Subsequently when Sita is brought before Rama after the war with Ravana has ended, Rama insults her and rejects her publicly, telling her he does not want to see her, her sight is as unpleasant to him as light is to a man suffering from an eye-disease. He asks her to go and live with whomever she chooses – Lakshmana, Bharata, Shatrughna, Sugreeva, Vibhishana or whoever else. She responds by declaring her purity in strong words and her decision not to live thus humiliated by Rama. She asks Lakshmana to prepare for her a pyre – the word she uses, chita, means only one thing: a funeral pyre – and jumps into it, with a prayer to the Fire god on her lips in the name of her chastity and constancy towards Rama. This is what we commonly understand as the agnipariksha, Sita’s ordeal by fire. Whatever it is, whether is an ordeal or an attempt to end her life, it is not on the orders of Rama that she does it, but on her own. Just as the decision to go to the jungle with Rama is her decision, the decision to jump into fire too is her own.
Sita’s iron will is never displayed more clearly than in the last scene of her life. Summoned by Rama, she accompanies Valmiki to Rama’s temporary assembly in Naimisharanya where he is performing the horse sacrifice. She is in Rama’s presence after sixteen long years – she had last met him in her palace gardens in Ayodhya the evening before he abandons her. That evening was one of domestic bliss and tender love. Rama practically forces her to ask for something she wishes – a pregnant woman’s wish, for she is five months pregnant – and after refusing many times, telling she does not want anything, at length she expresses a wish to visit Valmiki’s ashram. He promises to fulfil her wish the very next day. It is that night that Rama hears of the rumours among common people of Ayodhya about her chastity and decides to abandon her. He calls Lakshmana and commands him to take her and leave her in the forest. When she comes to his assembly in Naimisharanya, it is the first time she is in his presence since that sweet evening of sixteen years ago in Ayodhya.

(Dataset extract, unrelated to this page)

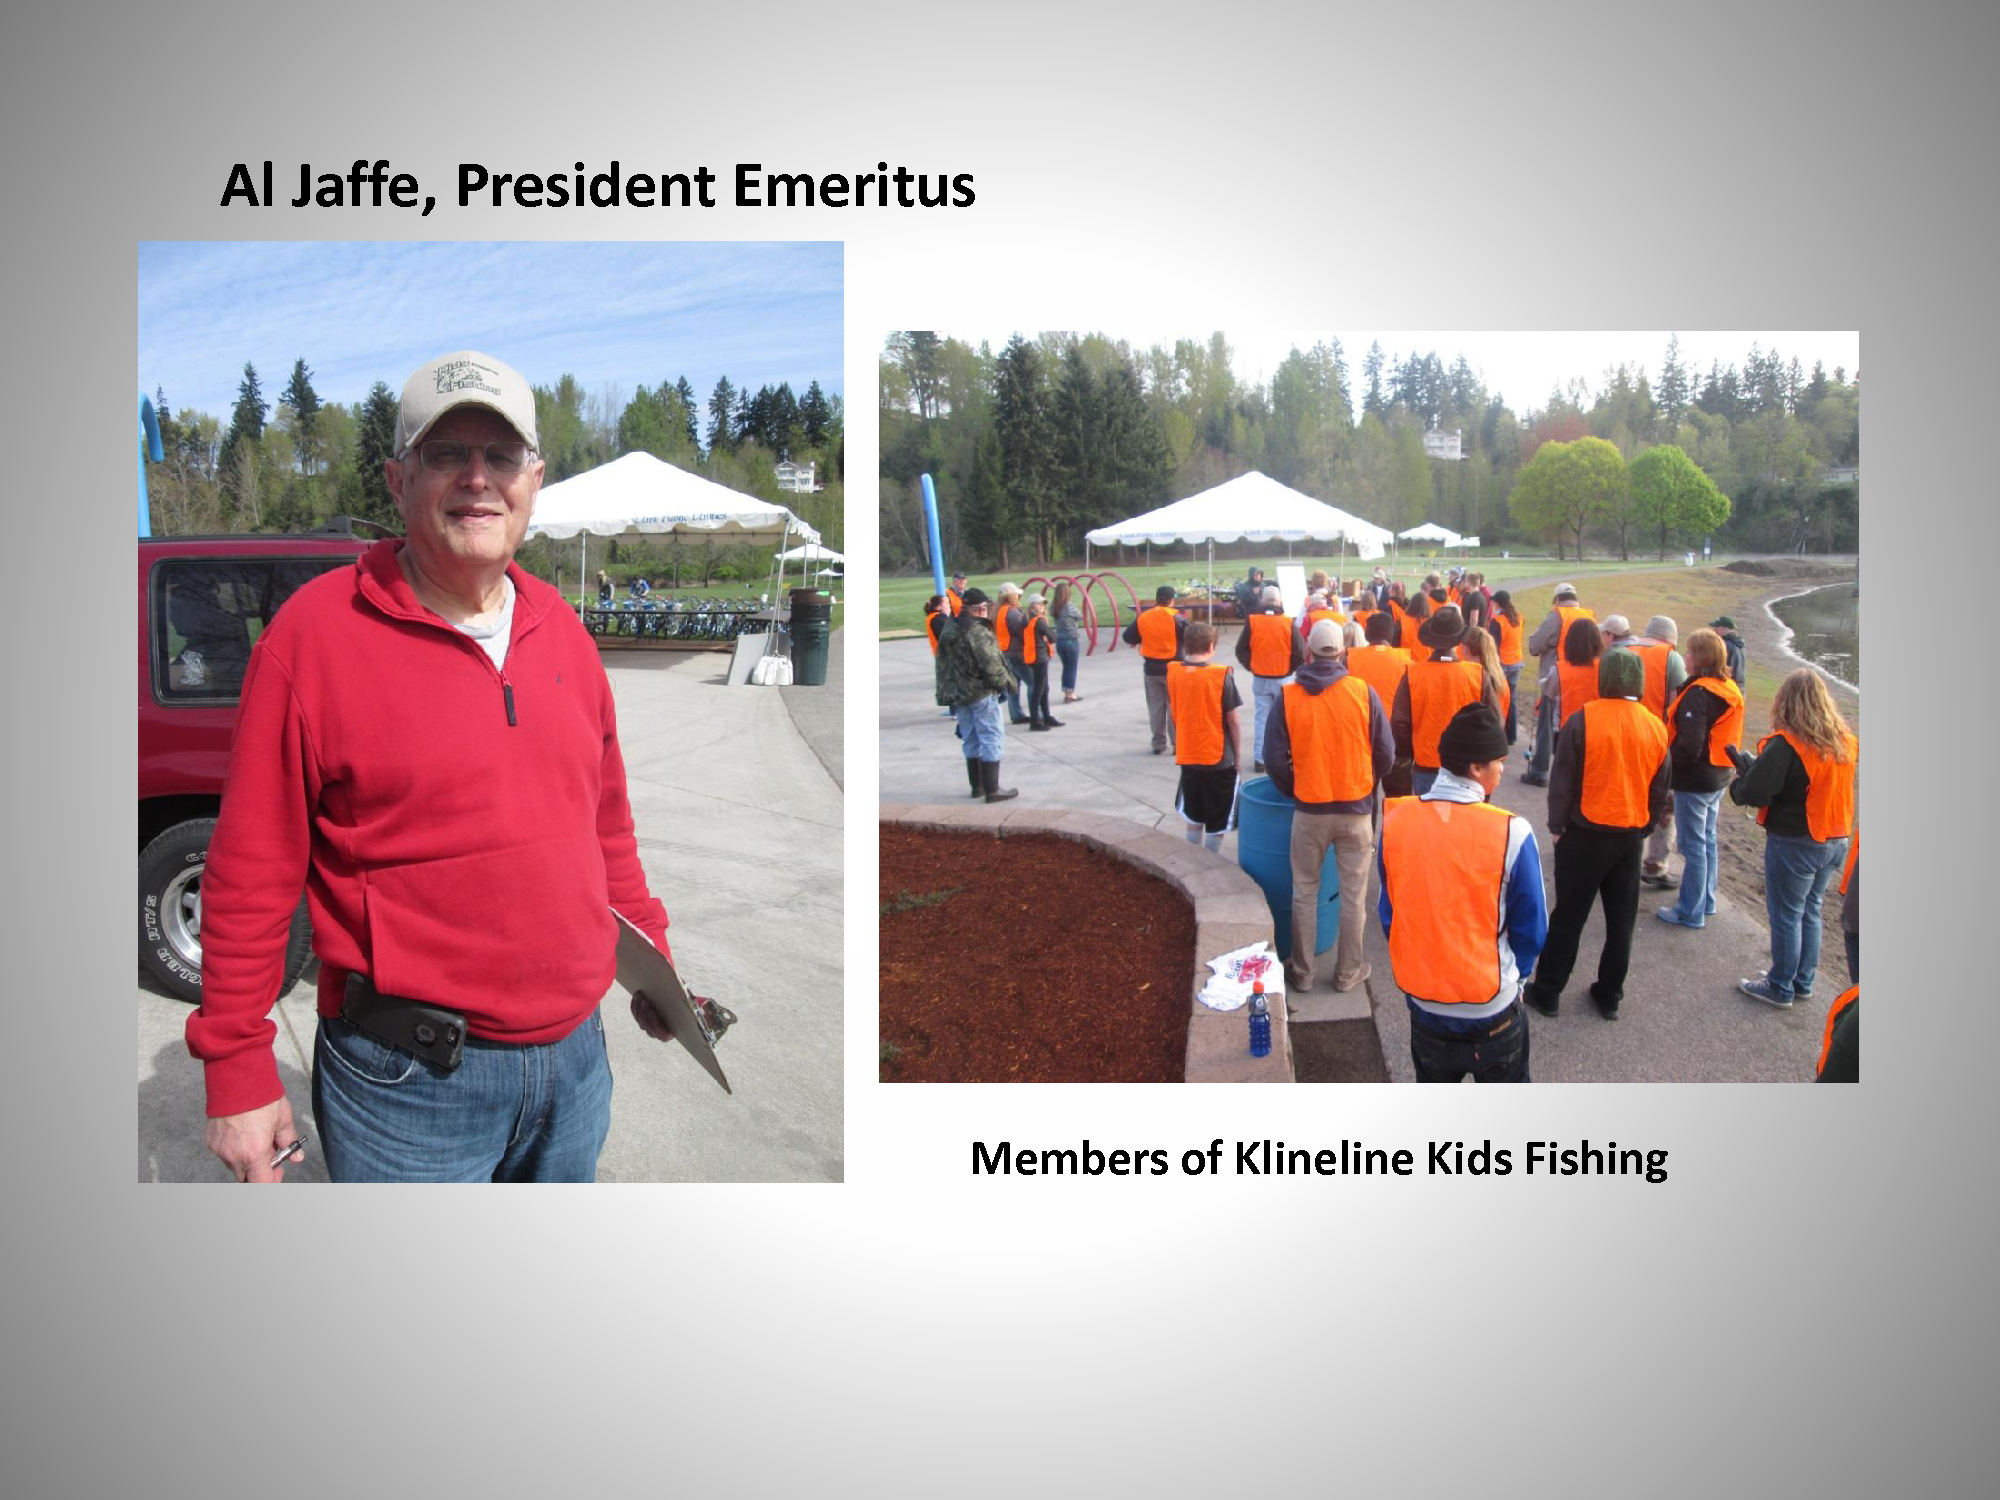 Weather doesn't deter children from annual Klineline Kids Fishing

And yet, throughout the encounter, she never once looks at Rama, never utters a single word to him. She still loves him – that is her other strength, apart from her will. But that love has changed. Years ago in Ayodhya she had declared she wouldn’t be able to live one moment without him. Today through her action she says she cannot live one moment with him, such is the pain he has given her. When Rama declares in the assembly he will take Sita back if she proves her purity there, in that assembly, she proves it, and through that proof ends her life. She steps forward from behind Valmiki, her head still bent, her eyes still looking down. “I have not once thought of a man other than Rama in my heart. If this is true, Mother Earth, accept me unto yourself,” she demands of her mother. “With my words, with my deeds and with my heart, I constantly worship Rama. If this is true, Mother Earth, accept me unto yourself.” The earth splits open before her, Goddess Earth appears, and she takes Sita away with her.” She still loves Rama beyond words – but the Rama she loves lives only in her memories. He had died the moment he ordered Lakshmana to take her to the forest and abandon her there. As for the king of Ayodhya, she had never cared for him.

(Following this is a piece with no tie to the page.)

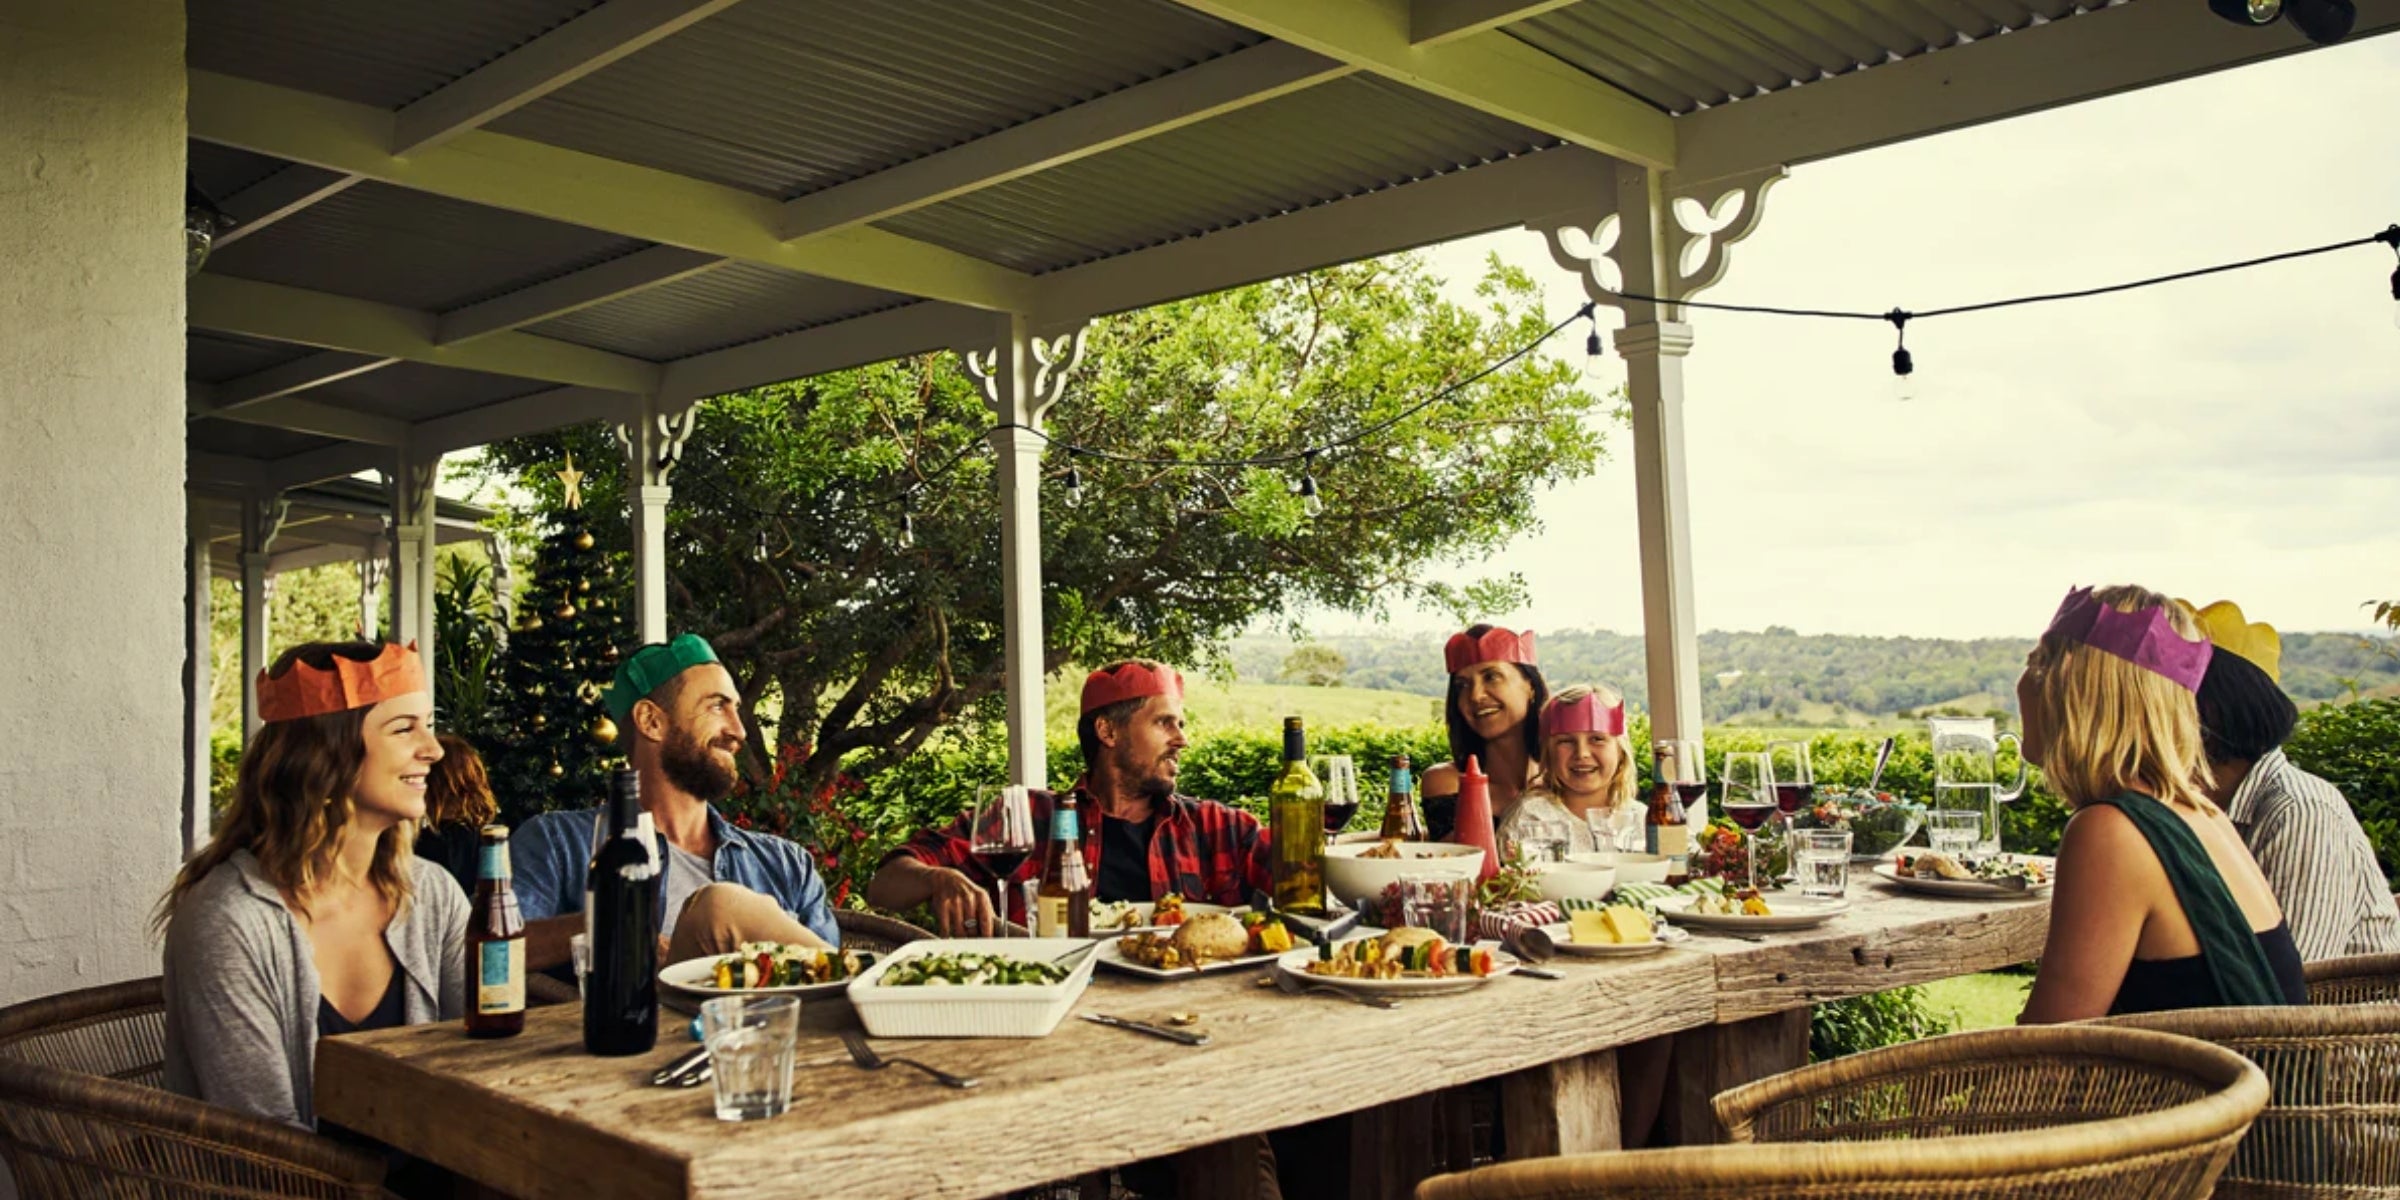 a group of people enjoying a meal outdoors on a patio with a scenic view of greenery in the background

Incidentally, her will, in Sita’s case, is not always her strength. Sometimes it becomes her weakness. Such is the case when she forces Lakshmana to go after Rama, who was chasing the golden deer for her. Lakshmana, unable to stand her fury, leaves her to the safety of the ashram, and weeping in his heart, goes in search of Rama. She will be able to see the brothers only after one year – after untold sufferings for herself, for Rama and Lakshmana, and a war that killed Ravana and all his sons and his brother Kumbhakarna, and masses of warriors on both Rama’s side and on Ravana’s.